Not only do clouds have water, they consist almost entirely of water. And that water comes from the earth’s surface, including the ocean, lakes and streams and even the ground.
How does that water get from the ground all the way up into the sky? Warm air rises while cold air sinks, which means that the warm air full of water vapor at the surface rises up into the atmosphere.

It’s important to know that as we get higher up into the atmosphere, it gets colder and colder. This is why even in warm areas, mountain peaks often still have snow on them.

The atmosphere can be thought of as a bucket that can hold water vapor, and the size of this bucket is in part dependent on its temperature.

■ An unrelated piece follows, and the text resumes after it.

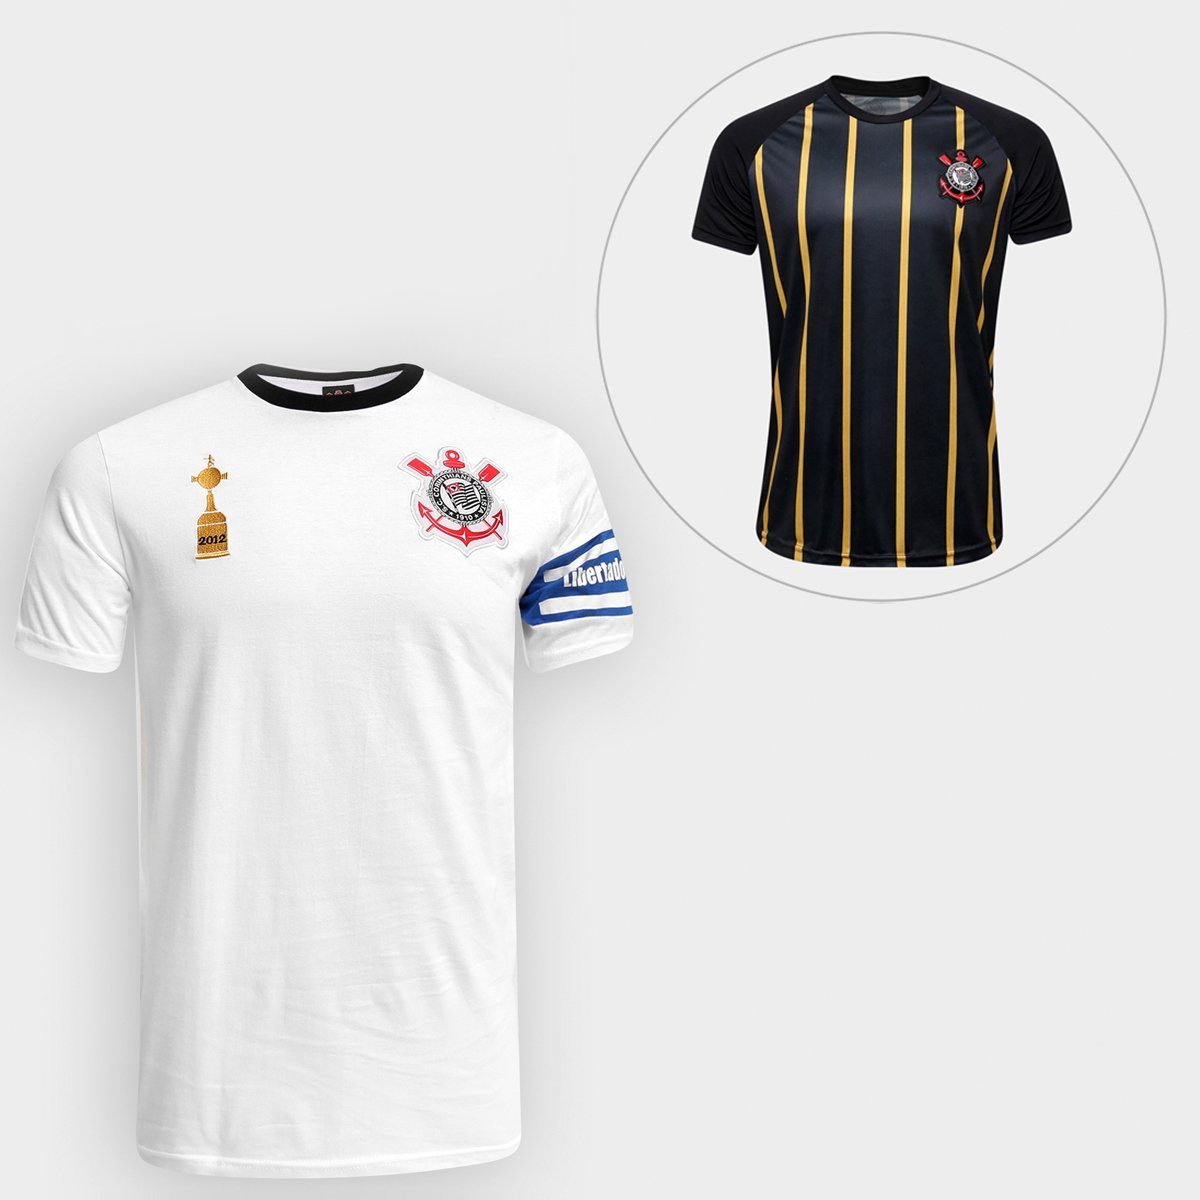 Kit Camiseta Corinthians Capitães Libertadores 2012 n° 2 + Camisa  Corinthians Gold Edição Limitada - 3de8ddc09ca0e
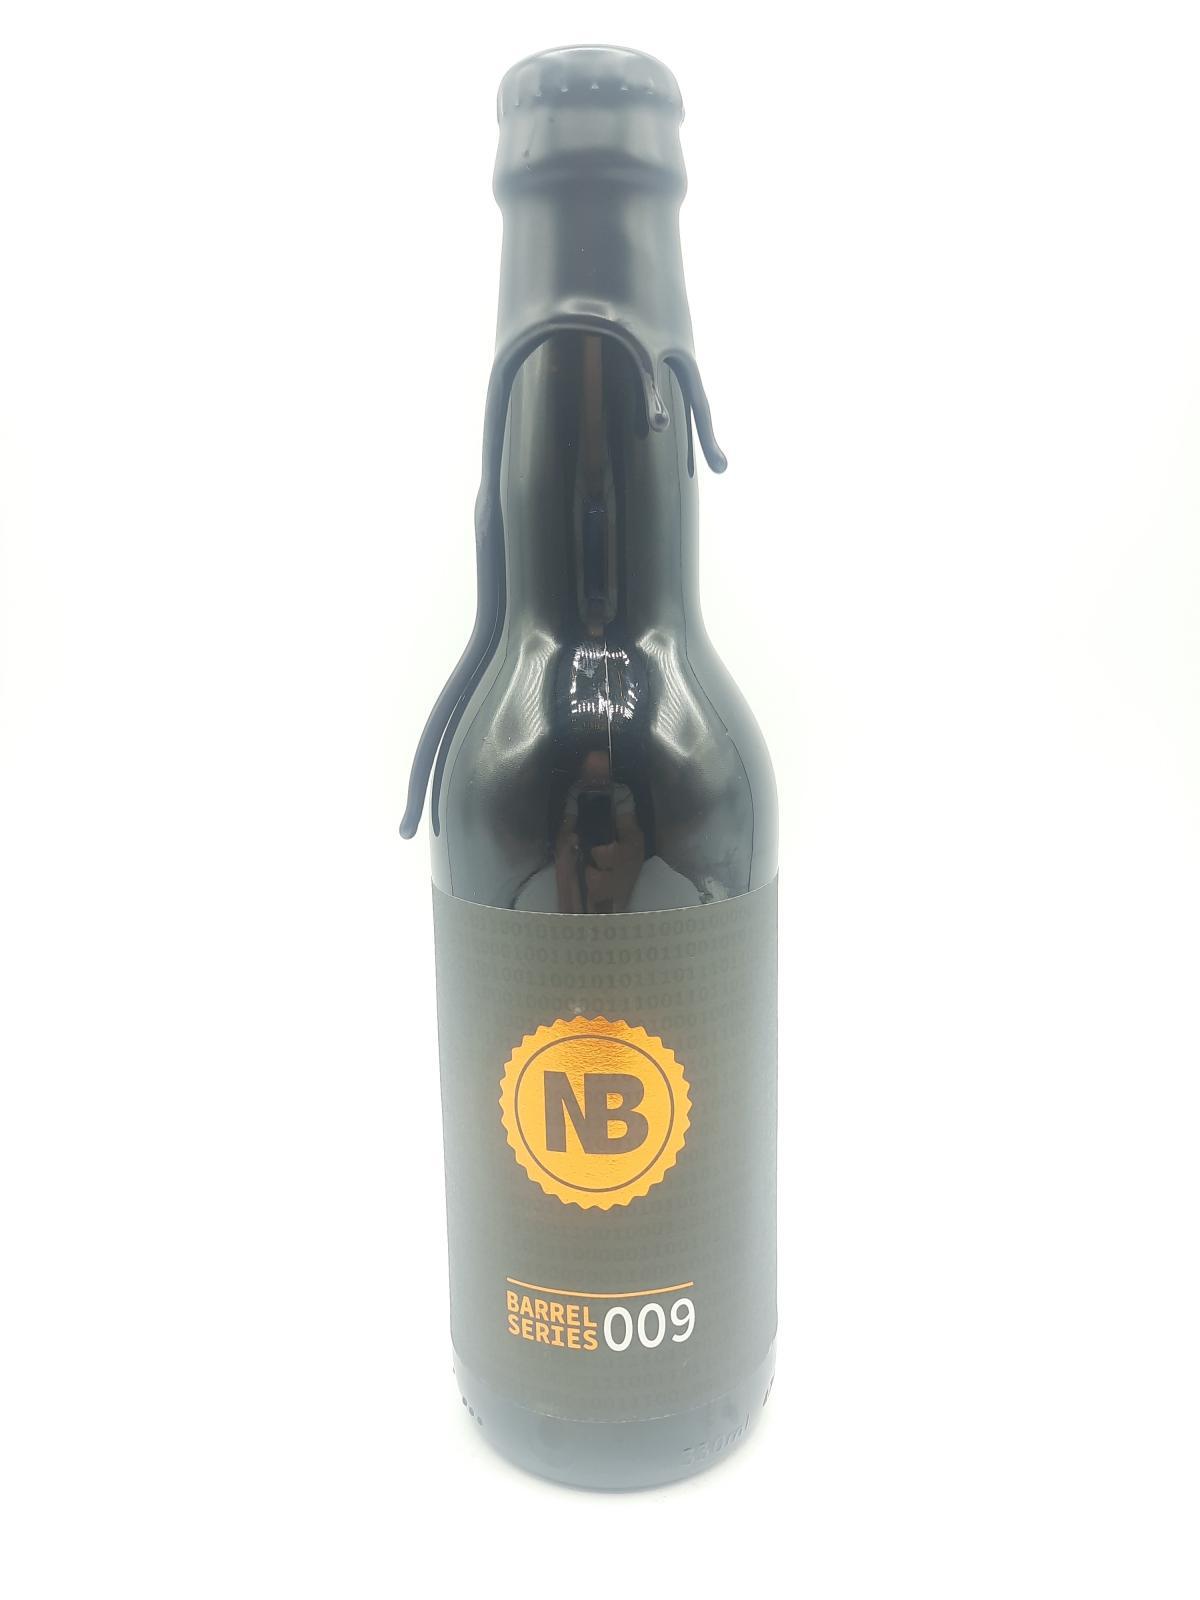 Img Nerd Barrel series 009

So as the warm surface air full of water vapor rises, it gets colder. And as it gets colder, that bucket holding that water vapor shrinks until eventually that water vapor can no longer be held in the bucket.

When that happens, we have a process called condensation. If you’ve ever walked outside in the morning and noticed that the grass is wet, this is a very good example of condensation. The night before it got cold, and the water vapor in the air condensed onto those grass blades.

In the atmosphere, instead of grass blades, there are tiny particles of dust and sand and salt, and the water vapor condenses onto these tiny particles and makes water droplets. And you have millions and millions of these tiny water droplets that all form in the sky. When viewed from land, they look like a big, white, fluffy mass. The reason these clouds stay up high is these tiny droplets are so small that they aren’t affected enough by gravity to actually fall down to the ground.